Мать неохотно отдает дитя другой женщине.
Все просто – идеал на то и идеал, чтобы не быть достижимым. Только потеряннное, недостижимое, невоплощенное желанно.
Женщина, которую он выбрал, имела историю, ребенка, пару абортов, связи того рода, когда хотят не детей, а наслаждения. Играют в то, что теперь считается простительным. Значит – поруганием. Зачем выбрал?
Или женщину, как и Родину, не выбирают?
Он и удрал "мстить", потому что считал Родину поруганной. Кому теперь мстить?
Себе. Он такой же.
А что же, разве месть – не способ очиститься?
Тупик.
Мокрый, он пошел в комнату с арабским ложем, словно каждый день совершал этот путь. Лег осторожно, боясь прикоснуться к лежащей, услышал: "Ну? Где ты там?" И еще: "Только осторожно, у меня сегодня еще опасные дни…"
Павел женился тогда на матери своей незрелой "суженой", не очень удивив всех. Его бывшая "невеста", ставшая падчерицей, осталась привязана к нему трогательно и невинно еще долгое время, пока он жил в той семье. Годы этого брака прошли так, что от них ничего не осталось.
Абсолютно ничего. Нечего вспомнить. Была женщина старше его, он ходил на службу сначала инженерскую, потом помогли с групкомом – автор реприз, а потом – перейти в городской Отдел культуры, потом недолго – завлитом театра, потом его взяли в Коллегию Министерства, он почти не писал, читал и визировал чужое: сценарии праздников, эстрадные программы, халтурил для телевидения и в итоге ушел к молодой актрисе, на вольный хлеб, бросив службу. Но и от того брака ничего не осталось.
И от следующего… У актрисы он тоже был не первый. А требовательна она была, как девственница, невеста.
Ночное видение в окне забылось, но неведомым образом оно зачеркнуло все. Не раз он потом в своей первой семейной жизни, бывая у тестя с тещей, курил у того окна, дожидаясь незнакомку. Она появлялась, доводя его до столбняка и онемения всех членов, потому что ждать приходилось долго. Но всякий раз теперь она раздевалась в ванной, и, к его злой досаде, сеанс отменялся. Словно что-то почувствовала. Она или судьба? Финиш.

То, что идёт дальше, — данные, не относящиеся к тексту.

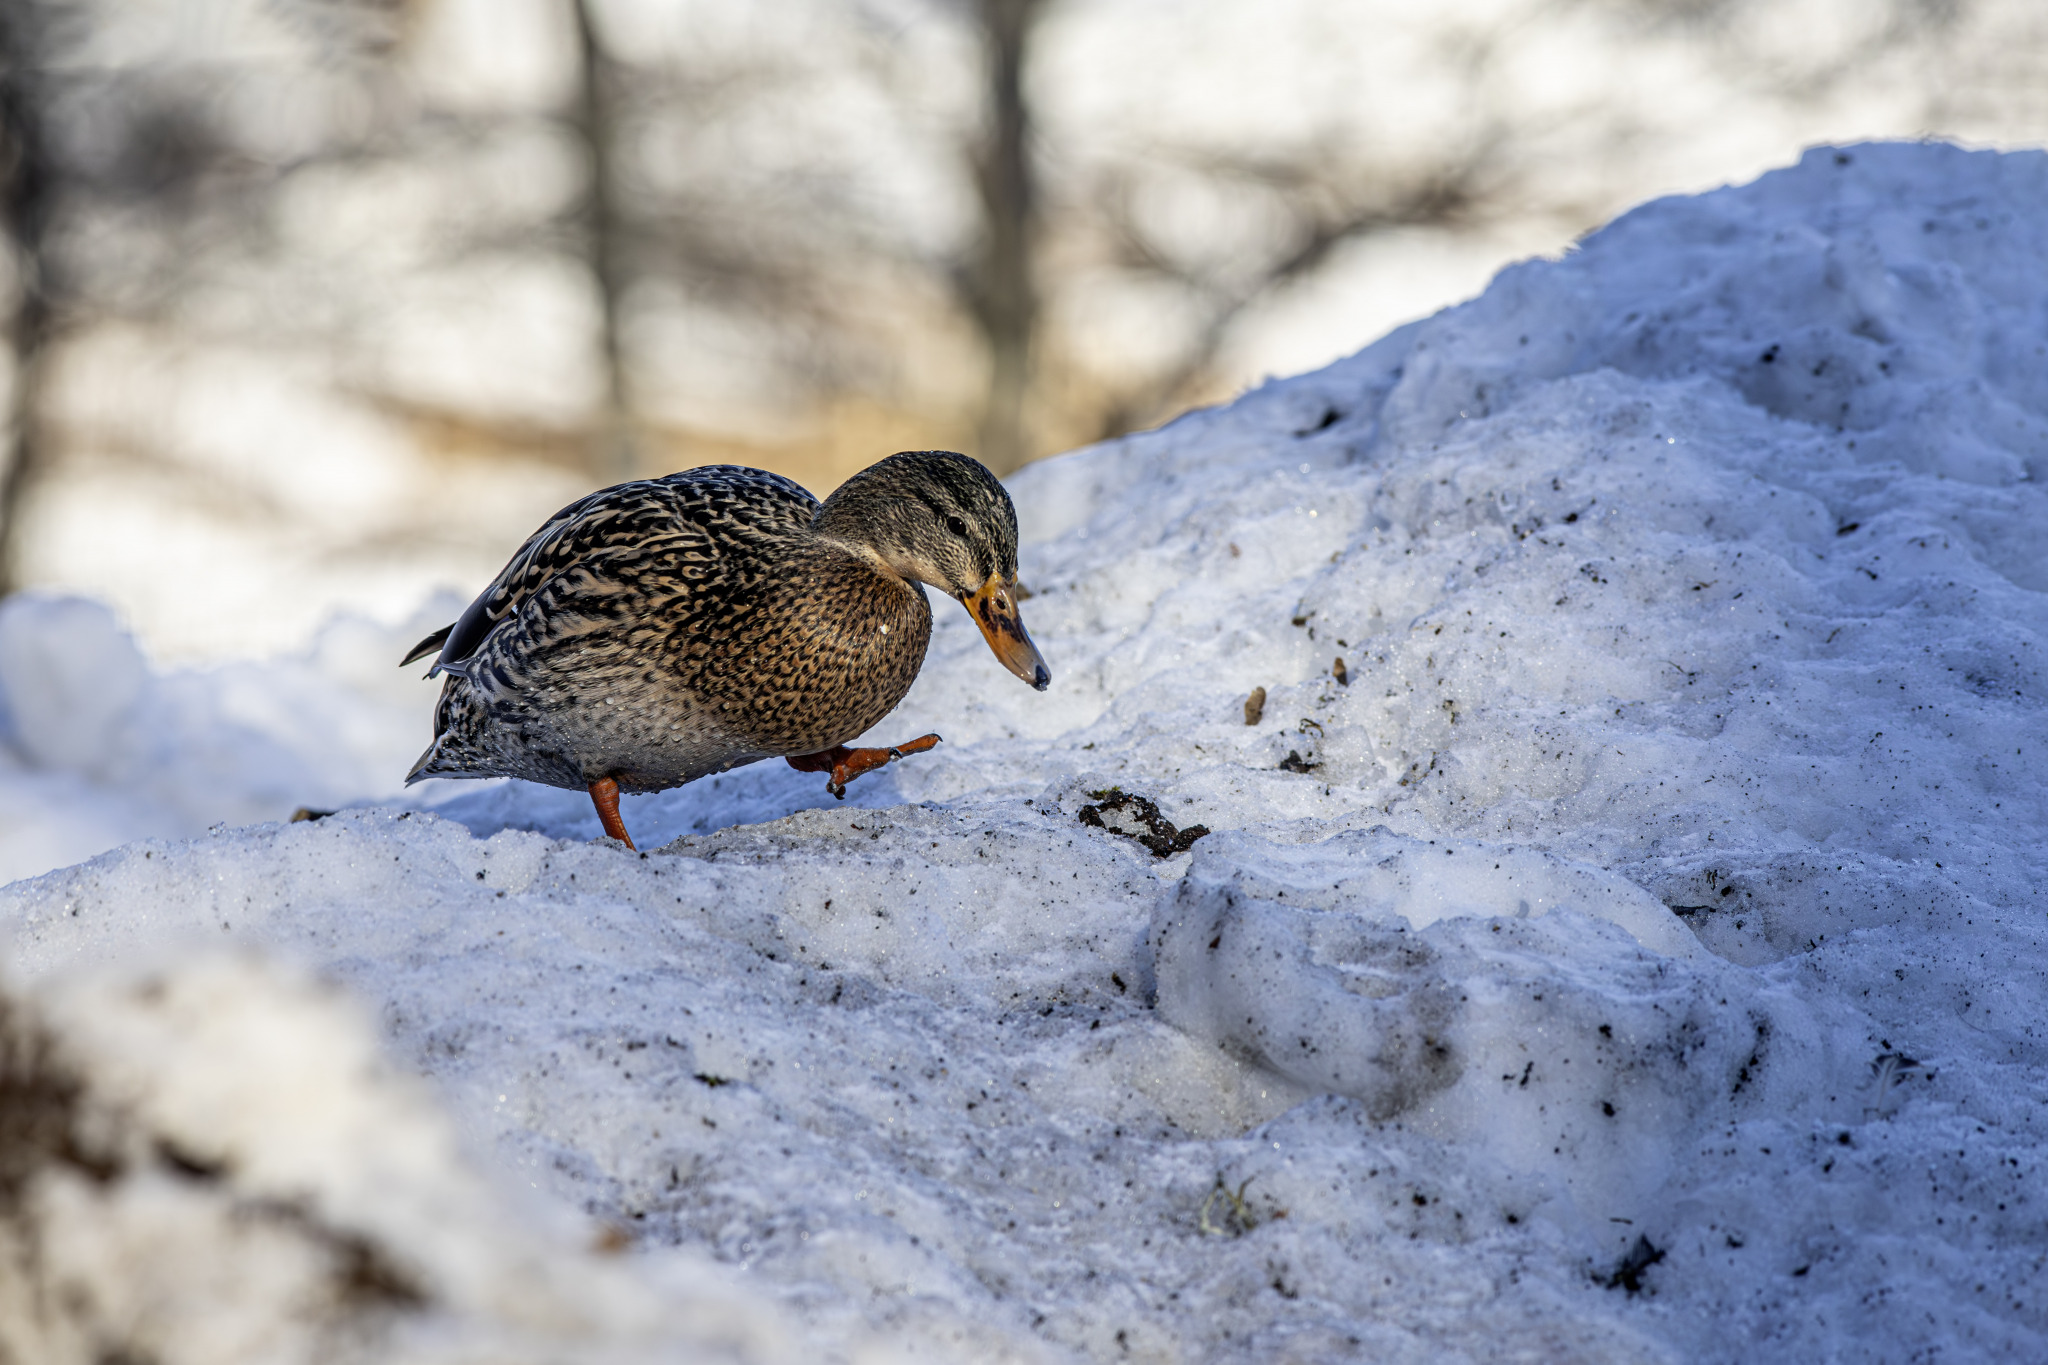 Female duck in snow

"Так что же выходит? Годится любая, только не та, что рядом?"
"Что имеем, не храним?"
"А почему? Предупреждал ведь Тот через Моисея: "Не возжелай!" Предвидел? Что? Что не удастся сохранить Ее чистой! И если так, то он ненавидит Ее!"
"Я ненавижу тебя… Любовь? Красоту? Родину? Себя?"
Вот вчем секрет: бывают времена, когда человек – враг себе.
Я враг себе, потому что…
"Потому что всегда любил и… люблю… недостижимое".
Весь остальной мир должен превратиться для него в сплошной соблазн.
"Лучше сдохнуть".
Вот он и вернулся… Обожрется родным дерьмом – и назад?
Так и остались в памяти белый гуттаперчивый пояс, черная рубашка, резинки, руки, поднятые локтями вверх с засученной рубашкой, с черными лакированными завитками подмышек, та самая черная лисья мордочка и отскочивший лифчик, даже лица не осталось. Образ черной похоти, вожделения: два черных соска-"глаза" и угольный треугольник-рот. Дали или Миро?
Инна была в меру опытной и умелой, и именно это было плохо. Он не понимал, но чувствовал, что девственность лучше терять с девственностью, как завещано от века.
Но и с молодой актрисой получалось совсем как-то скучно, она питала стойкое отвращение к постели и ласкам. Уступала ему по обязанности. Он вспоминал Толстого: "Всякая порядочная девушка должна остро ненавидеть половые сношения, считая их позволительными лишь для зачатия новой жизни, но отнюдь не для похоти и удовольствия!" Но и "новую жизнь" молодая жена не собиралась заводить, ссылаясь на занятость в репертуаре. "Бред! Зачем тогда все? Она просто довольна тем, что… владеет мной?! Право на тело, которым пользоваться грех". Он хотел построить семью, грезил чистотой. И опять мимо. В чем дело?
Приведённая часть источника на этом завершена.